Karen, I am sending you my family banana bread recipe. I have been making it since I was in 7th grade! Selina Shadd

Selina Shadd’s Favorite Banana Bread


1 1/2 cups sifted flour

1/2 teaspoon salt

1 teaspoon soda

1/2 cup butter

1 cup sugar

2 eggs

1/4 cup buttermilk

1/2 cup nuts

1 teaspoon vanilla

1 cup bananas, mashed


DIRECTIONS: Grease a 9”x3”x5” loaf pan. Sift together flour, soda and salt. In a separate bowl, cream butter and sugar. Add eggs and vanilla and beat well. Add bananas, buttermilk, nuts and flour mixture. Beat 30 seconds. Bake at 350 degrees for 45-60 minutes.


Grandma Jean’s (my mom) Banana Pudding

She always said this was so easy and delicious with Nabisco vanilla wafers, Jell-O instant pudding and fresh banana slices.


1 cup cold whole milk

2 pkg. (3.4 oz. each) JELL-O Vanilla Flavor Instant Pudding

1/2 cup sugar

1 1/2 tablespoons vanilla

30 vanilla wafers (reserve a few for decorating the sides or top)

6 bananas, sliced

1 tub (16 ounces) COOL WHIP Whipped Topping, thawed and divided in half


DIRECTIONS: In a mixing bowl, beat pudding mix, sugar, vanilla and milk with a whisk for about two minutes. Let it rest to thicken about five minutes. Add 1/2 the tub of Cool Whip. Stir just until combined well. Layer bottom and sides of a 2-qt. glass casserole dish with vanilla wafers. Top with 3 sliced bananas. Layer on 1/2 of the pudding mixture then the remaining vanilla wafers. Top with the remaining banana slices, then the remaining pudding. Top it all with the remaining cool whip. Chill and serve! Note: You can garnish with additional vanilla wafers and more banana slices. 


This recipe is from my daughter Julie’s godmother. Here is her sweet note: 

Karen, baking was a key part of my mom’s life.
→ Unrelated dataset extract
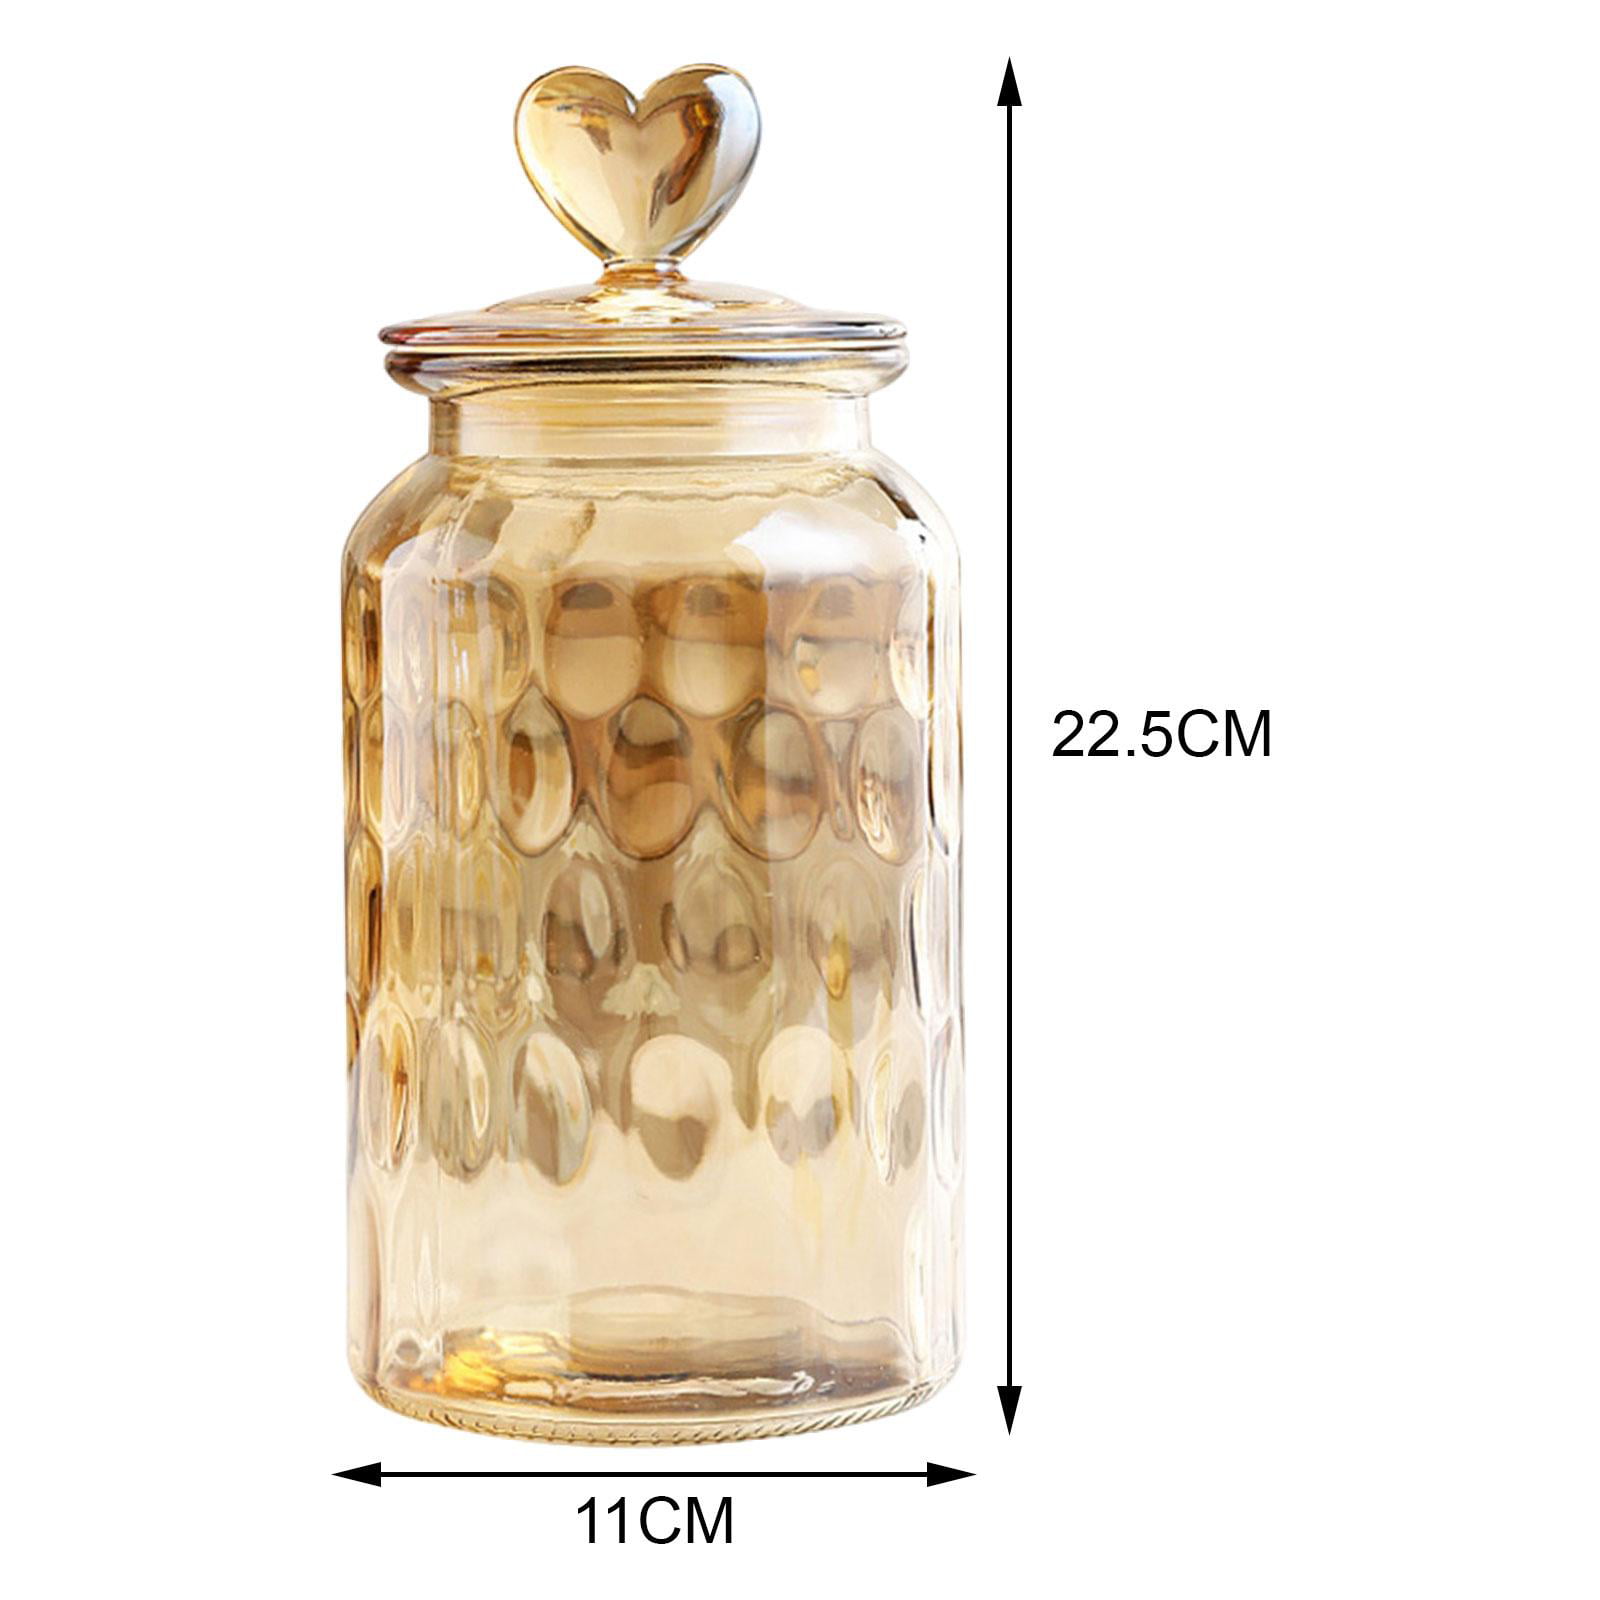  YUNCANG Glass Storage Jars [Set of 5],Clear Glass Food Storage  Containers with Airtight Bamboo Lid Stackable Kitchen Canisters for  Candy,Cookie,Rice,Sugar,Flour,Pasta,Nuts and Spice Jars(Square) : Home &  Kitchen

It was a gift that she was given, and one that she shared, baking for her family, friends, and community over the years. Each time Mom visited us, she would come with her big recipe box and update me on any new favorite recipes she had along with the tried and true “must-make recipes.” This is a favorite of ours. 

Evelyn Comminos Moore’s Karethopita (Walnut Cake)


6 eggs

1 cup sugar

1 1⁄2 cups flour

2 heaping teaspoons baking powder

1/2 teaspoon salt

1/2 teaspoon cinnamon

1/2 teaspoon cloves

3/4 cup finely chopped walnuts


DIRECTIONS: In a medium bowl, combine flour, baking powder, salt and spices. In a large bowl, beat egg whites ‘til stiff, add sugar gradually, and then add egg yolks. Fold in dry ingredients and nuts, then mix well. Bake in 9”x13” pan for about 35 minutes at 350 until done (center is dry). 

While hot, pour warm syrup over and cover with tin foil to keep moist.



4 cups sugar

2 cups water

1/2 cup honey

Juice of 1/2 lemon (I throw lemon right in pan after squeezing)

SYRUP DIRECTIONS: In large saucepan bring all ingredients to a boil until slightly thick, it threads and/or feels tacky on a wooden spoon. (Mom’s hints: Mom would cut in big diamond-shaped pieces, and if it were a special occasion she would top it with a maraschino cherry.